━━ RAW DATA

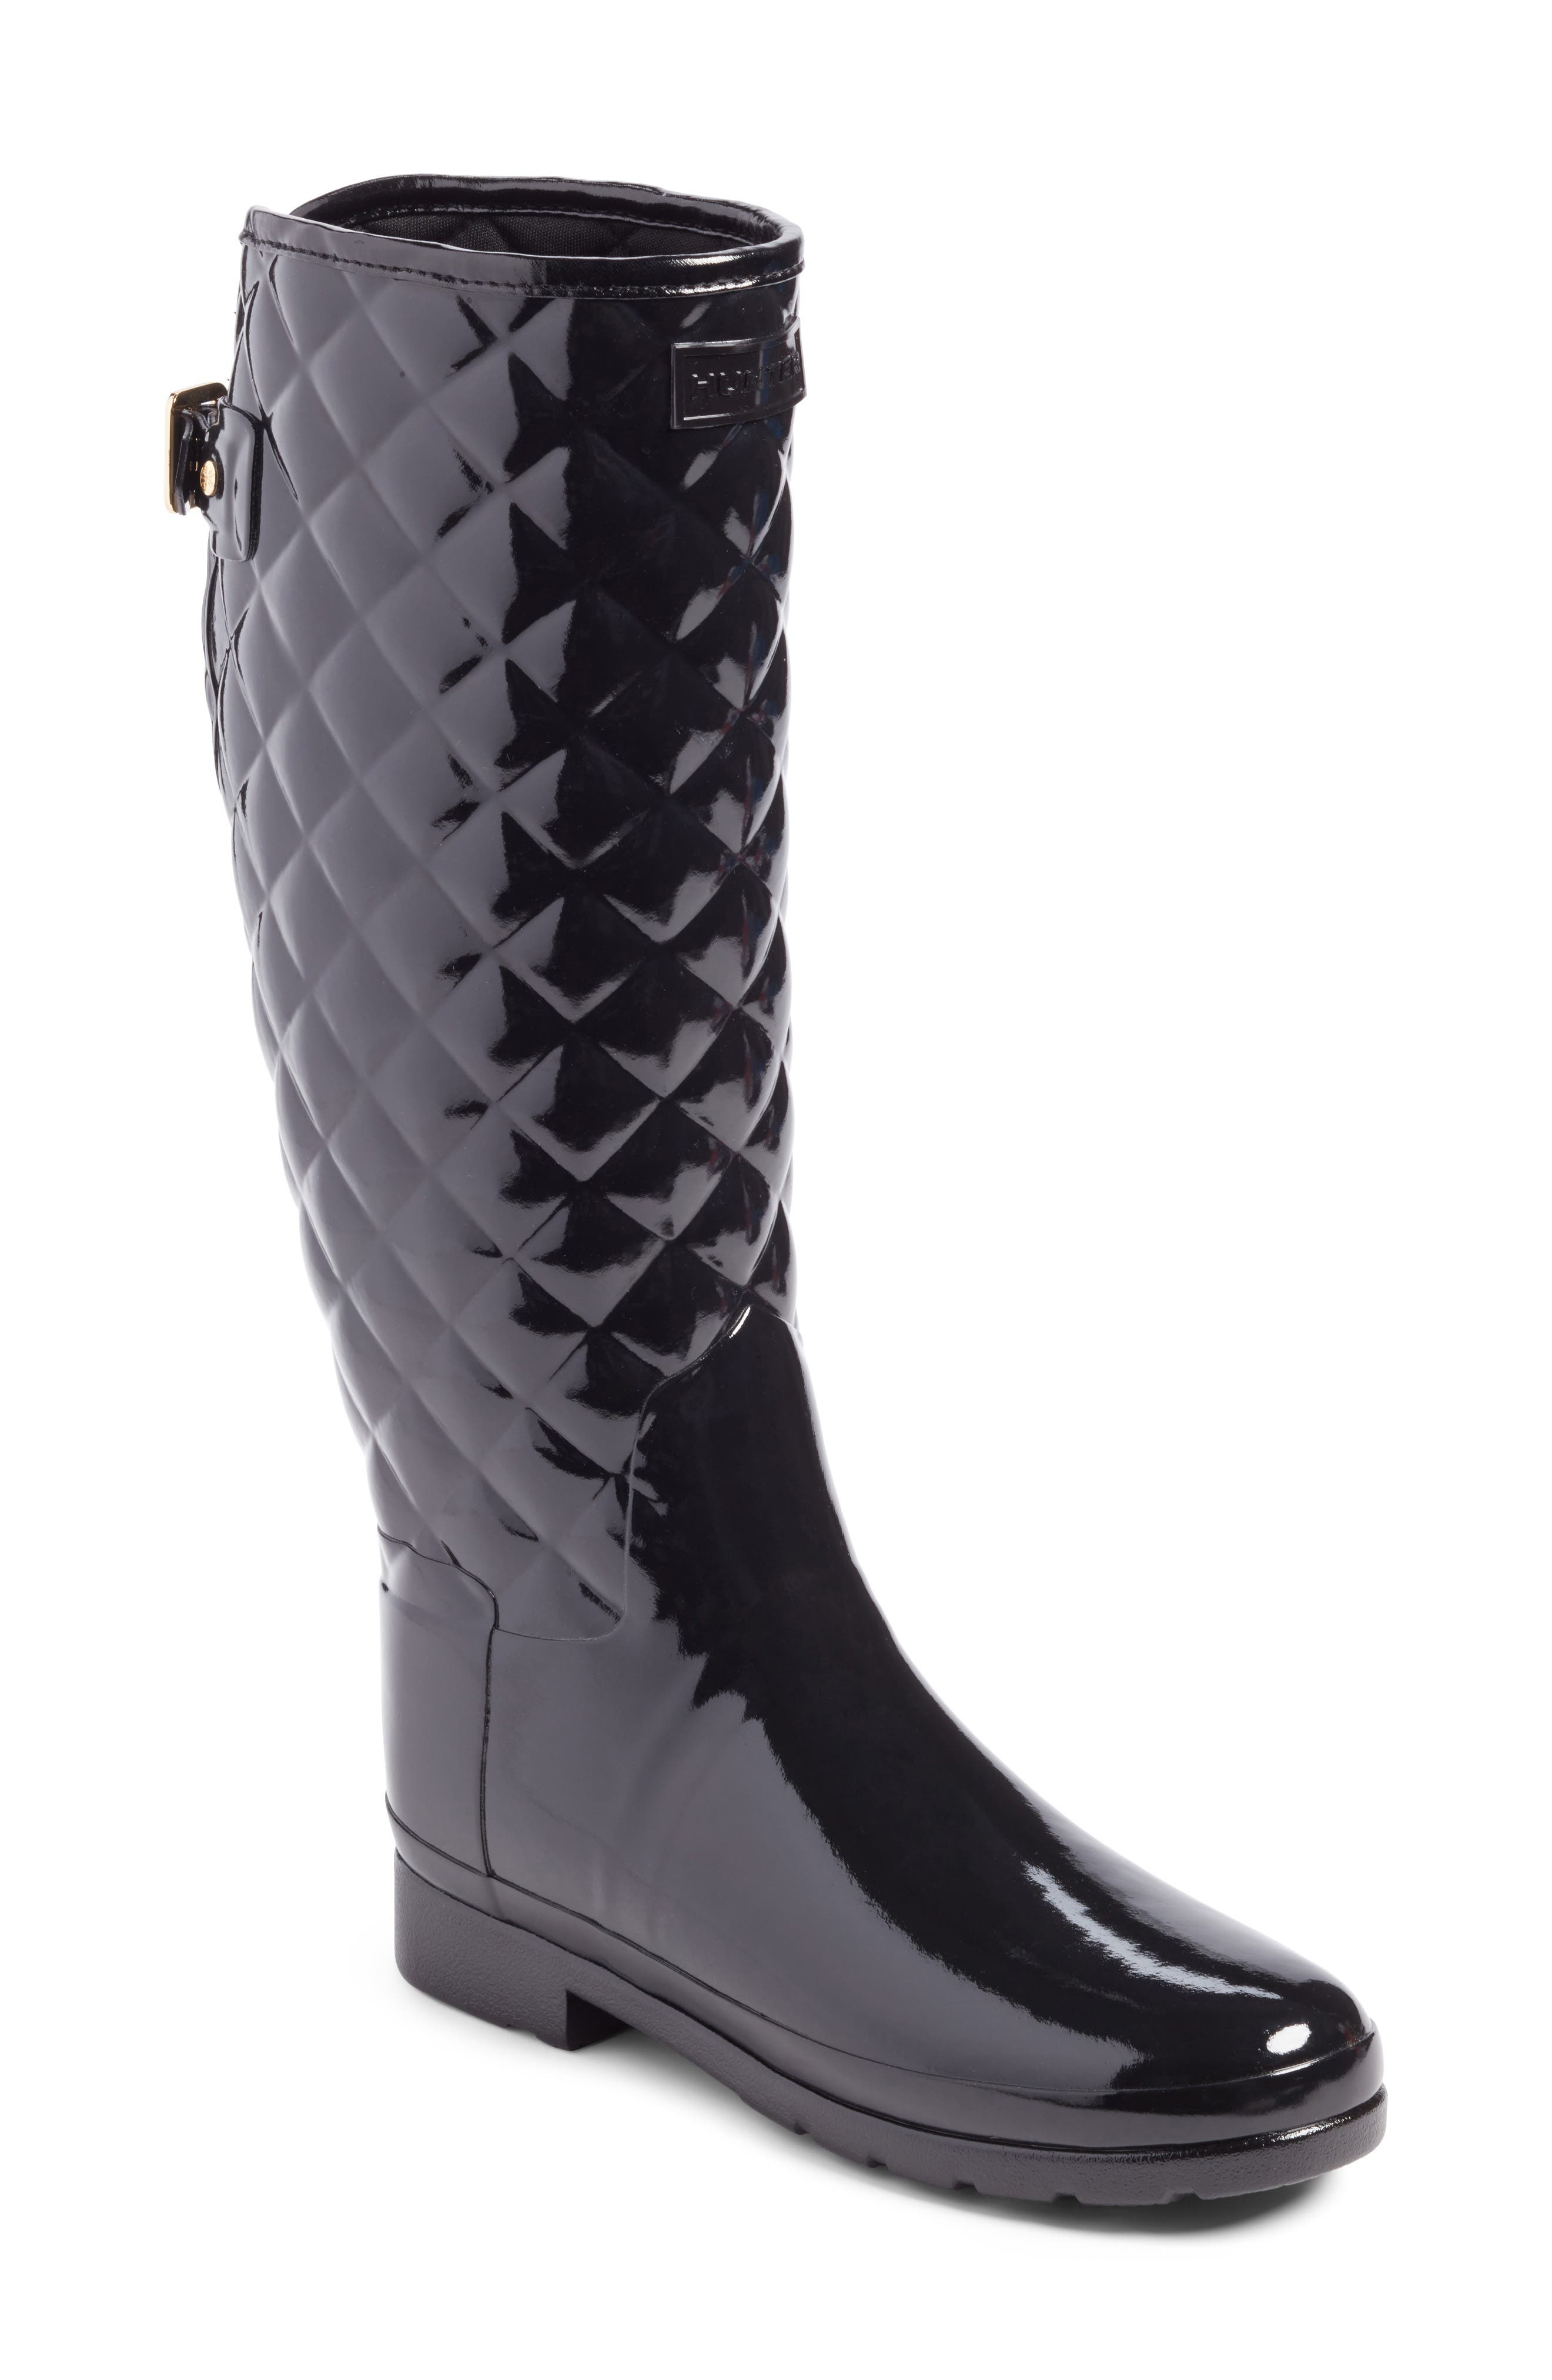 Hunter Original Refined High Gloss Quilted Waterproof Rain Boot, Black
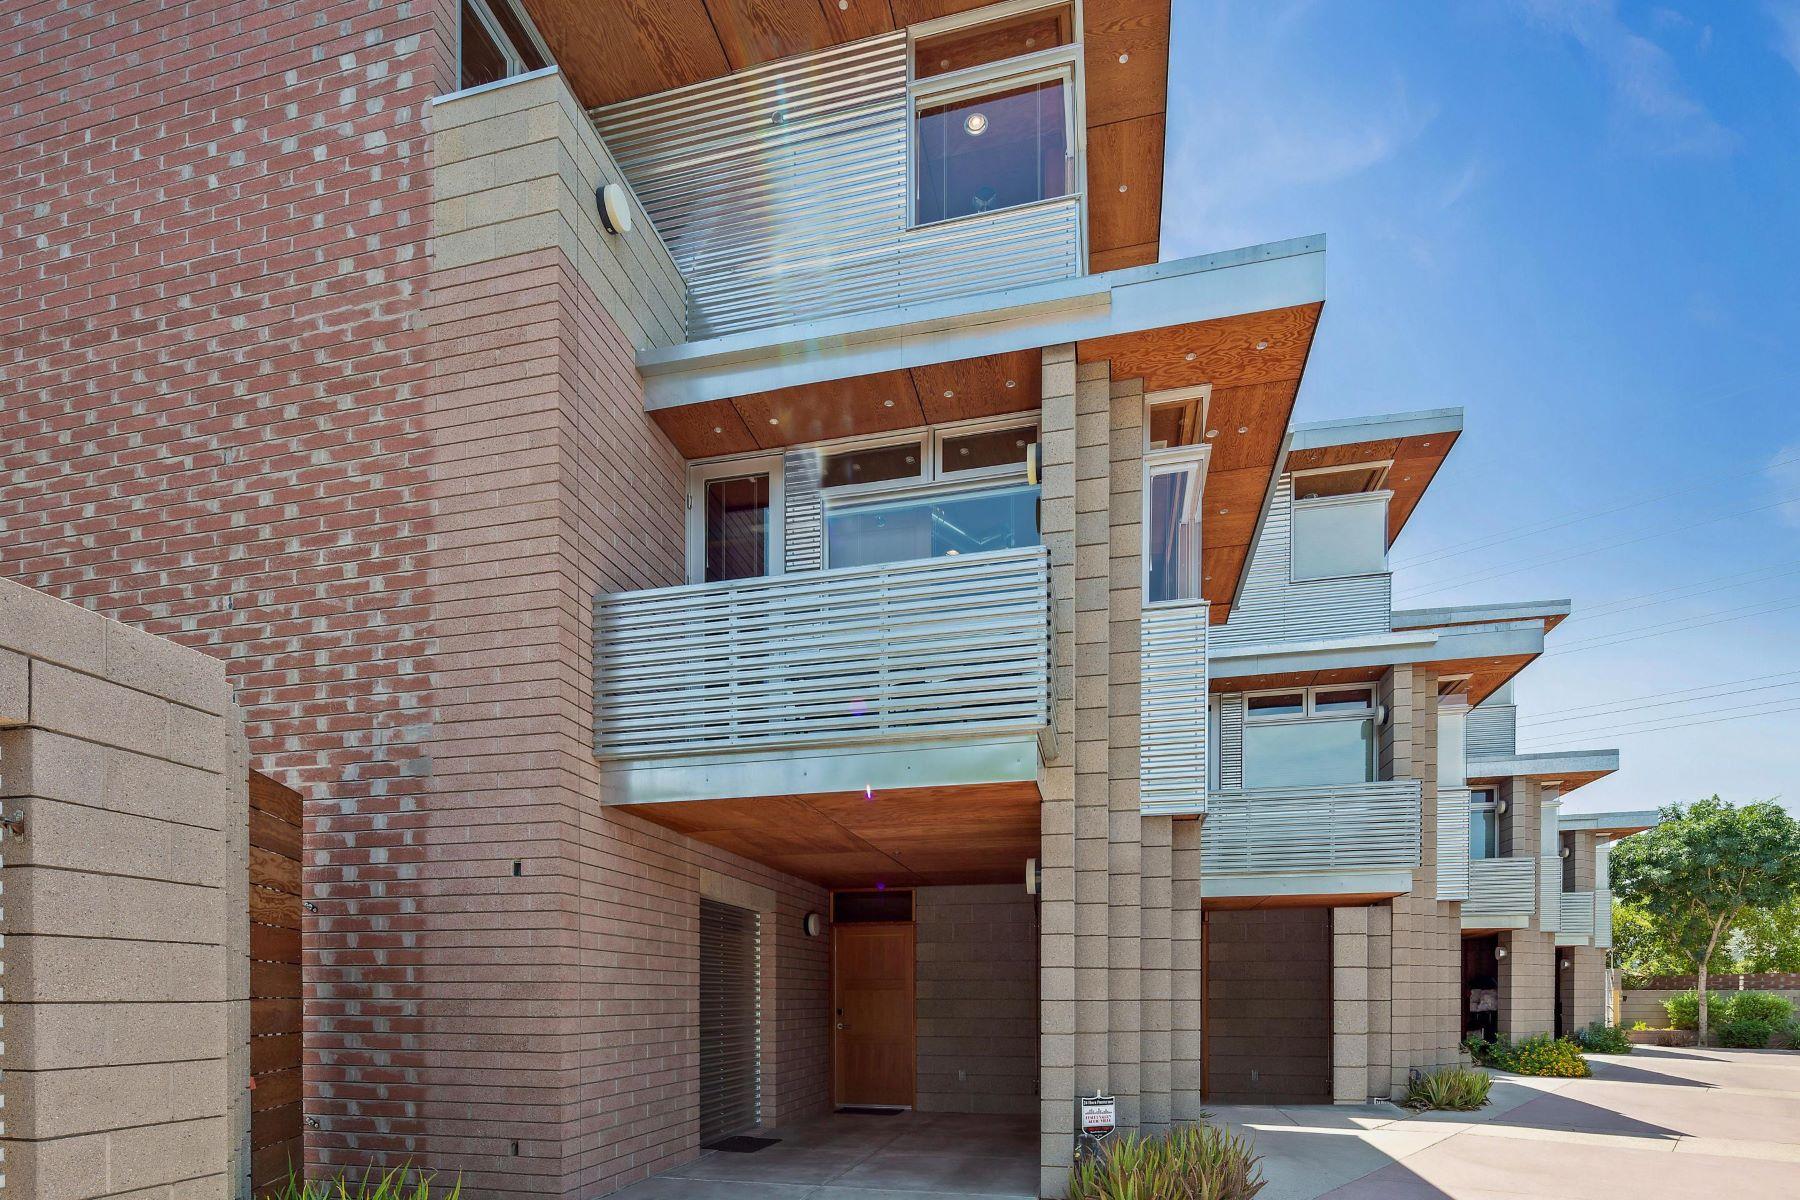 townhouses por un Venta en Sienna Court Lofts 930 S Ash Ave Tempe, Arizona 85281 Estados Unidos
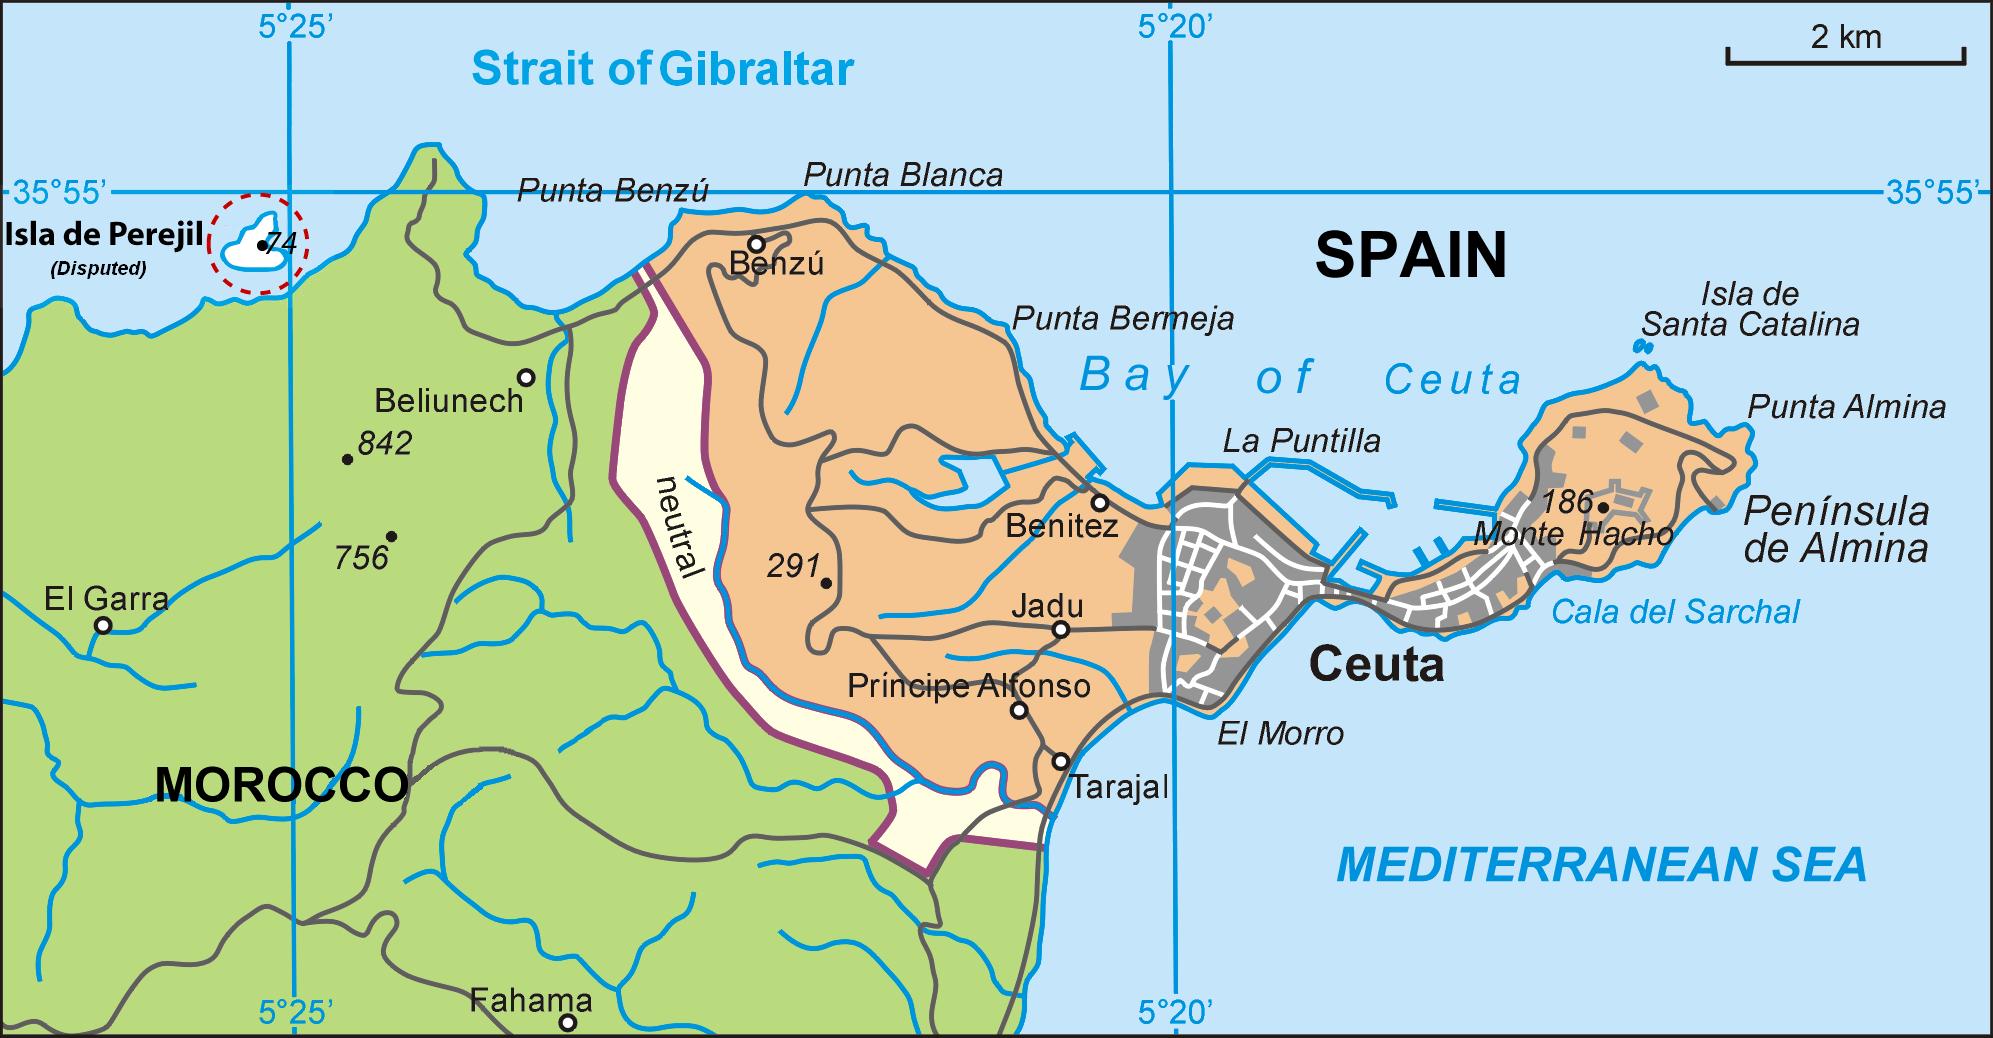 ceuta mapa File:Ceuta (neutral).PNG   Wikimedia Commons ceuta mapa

━━━━

The full data, repeated exactly and stripped of its pictures, is the expected answer.

• _RESPONSE BELOW_
 Hunter Original Refined High Gloss Quilted Waterproof Rain Boot, Black
 townhouses por un Venta en Sienna Court Lofts 930 S Ash Ave Tempe, Arizona 85281 Estados Unidos
 ceuta mapa File:Ceuta (neutral).PNG   Wikimedia Commons ceuta mapa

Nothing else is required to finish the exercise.